Everyone dreams of hiring the perfect candidate – someone
who’s already a star performer, who has the ideal background, qualities and
qualifications for the job. Job
descriptions tend to be explicitly based around perfect candidate descriptions,
and ATS systems filter candidates based on how well they match this keyword
summary of perfection.
There’s only one problem: hiring the perfect candidate never
works out.
Here’s why…
Not every kind of perfect matters
One of the biggest mistakes in hiring is looking at too many
factors. Not only is it hugely complex
and time-consuming to pull together different sorts of data, but much of the information
commonly gathered in the search for a perfect candidate is actually destructive
to your chances of ending up with a high-performing employee.
It’s all about relevance.
If you base your hiring decisions on irrelevant data, you may as well
write each candidate’s name on a piece of paper, drop them all into a glass bowl
and pick one at random, Hunger Games style.

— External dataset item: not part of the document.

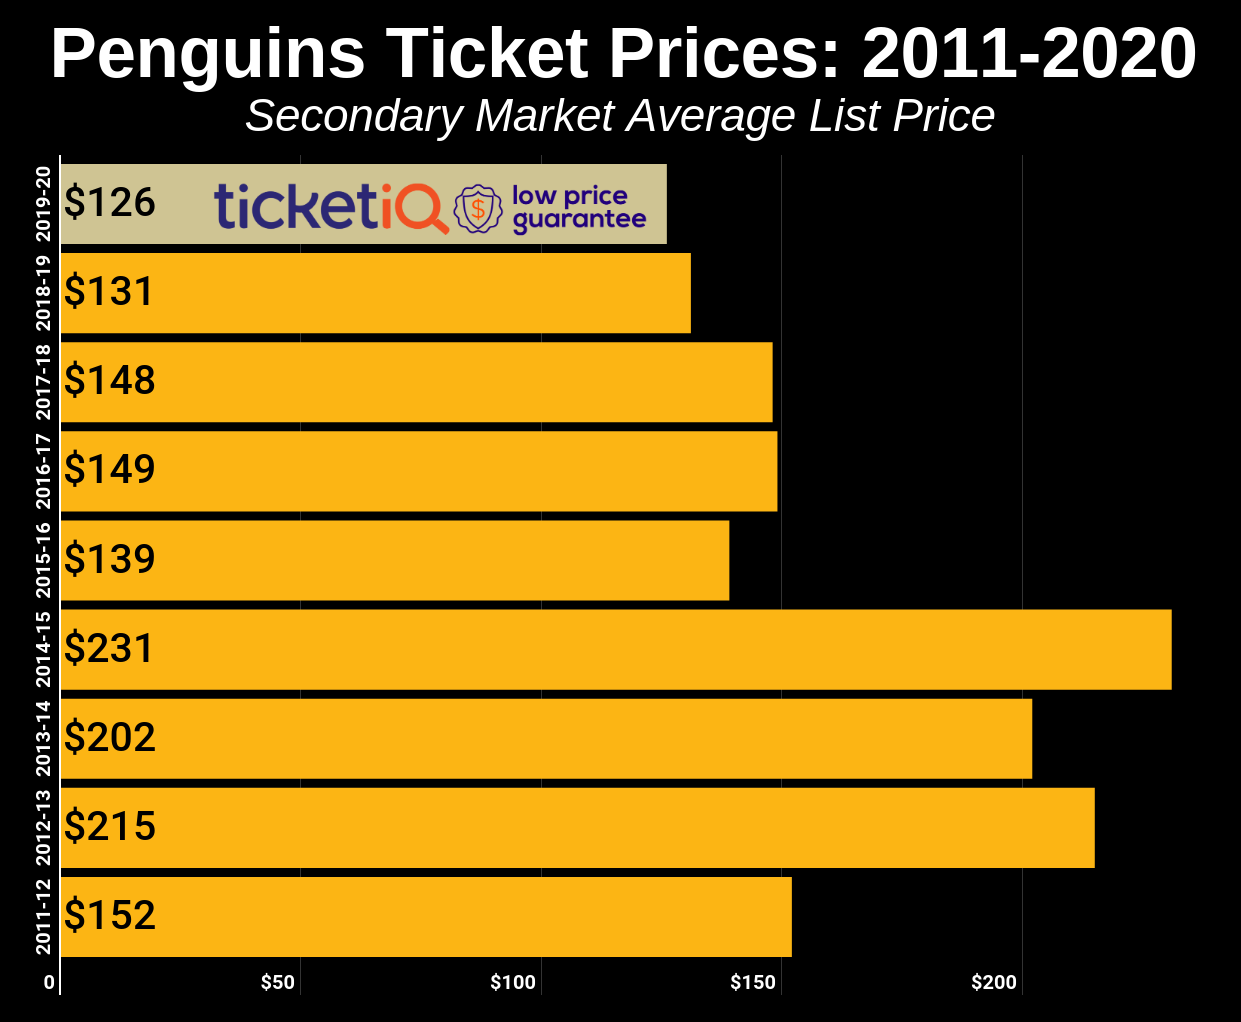 penguins-2011-2020

Letting in any irrelevant data will weaken the reliability of your
candidate selection, skewing your results further towards the chancy end of the
predictive scale.
Let’s look at an example.
Most recruiters salivate if the résumé of a candidate who has already
done the job in question lands on their desk.

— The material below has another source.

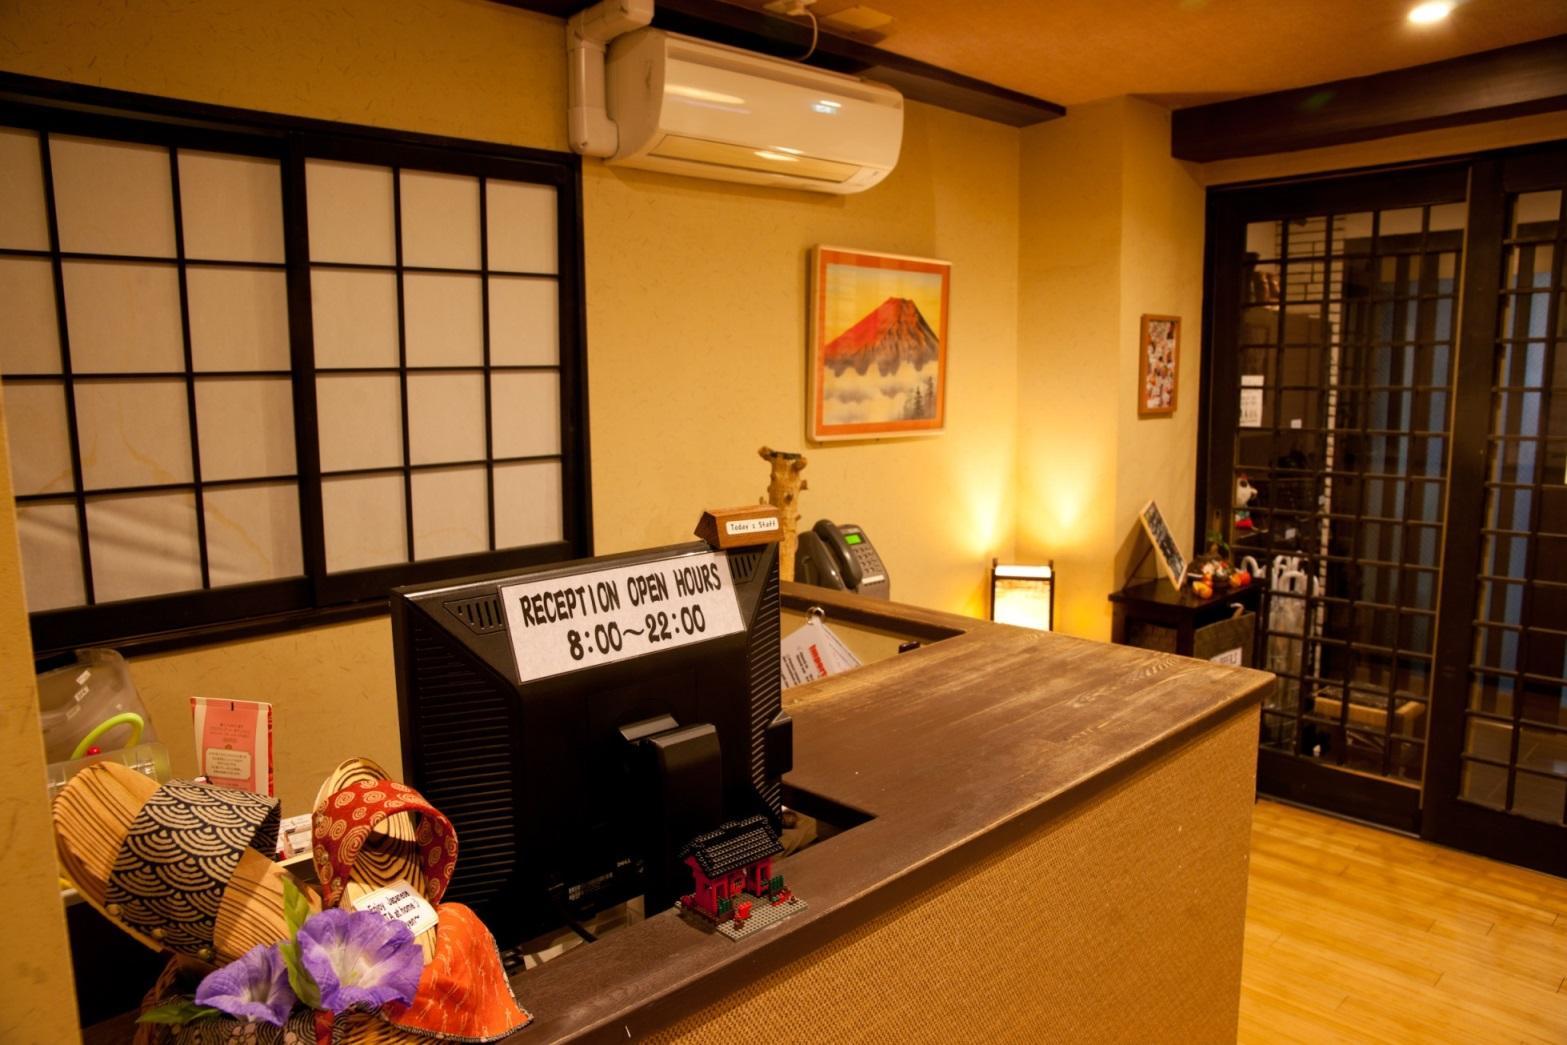 東京K's House東京綠洲 - 優質青年旅館 (K's House Tokyo Oasis - Quality Hostel)線上訂房|Agoda.com

But when you look at the research into high performance, you’ll find
that prior experience of the job is a pretty weak performance predictor, with a
correlation of only 0.13 with future success . It’s better than using graphology (the
correlation coefficient there is 0.02) but it’s nothing like as high as the
0.71 or better correlation you get if you focus on the most highly predictive
factors.
No wonder nearly half of all
new hires are gone within eighteen months, if their recruitment was based
around such weakly predictive selection methods.

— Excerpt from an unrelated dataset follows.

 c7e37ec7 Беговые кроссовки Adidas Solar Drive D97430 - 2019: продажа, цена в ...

But some other common selection tools are even worse than
the résumé. How relevant to someone’s
job performance do you honestly think their Facebook photos are going to
be? How relevant is their height or hair
color? Their face shape? Their answer to a question asking them to
describe their closet?
There’s worrying evidence that these sort of obviously irrelevant things are often taken into account in candidate selection,
but there’s not a single research study out there that shows any link between
these factors and genuine high performance.
We’re all biased
Why, then, do we continue using these random factors when
we’re choosing future employees?
Because we’re human, and humans aren’t always logical.
We all have treasured values and beliefs, some of them so
deep we hardly know how to put them into words.
But we have no problem putting them into action. Malcolm Gladwell tells a lovely story about a
screened orchestra audition where the head of the Munich Symphony was so
enraptured by the performance of a French Horn player that he leapt up and
yelled out “We’re hiring that man!”, only to nearly faint from shock when the
screen was removed to reveal a woman.
The
whole reason the Munch Symphony was conducting screened auditions was because
the head of the orchestra wanted to make sure there was no gender bias in hiring. I’m sure if you had asked him in advance
whether a woman could be as strong a French Horn player as a man, he would have
agreed vigorously. Yet when it came down
to it, he heard an excellent French Horn player and immediately associated a
bunch of other qualities with that individual, including the possession of a Y
chromosome.
It’s easy to laugh at such anecdotes, but we are all
biased. If you think you are not, just
take one or two of these short tests which reveal the implicit prejudices many of
us have on a whole range of issues. Choose
the tests that focus on areas where you are sure you are not prejudiced, for maximum impact.
How come we’re all so prejudiced? It’s not – usually – because we’re terrible
people. Many scientists suspect instead
that many common prejudices simply reflect outdated thinking. Back in the Stone Age, for instance, it might
have made sense to choose the biggest person in the tribe to be the
leader. But as the nature of leadership
challenges morphed from “Kill the saber-toothed cat before it eats the baby” to
“Improve shareholder value”, height simply became less relevant. Maybe in another few thousand years our
instinctive reactions to leaders will have changed, by which time perhaps
leadership itself will demand very different qualities.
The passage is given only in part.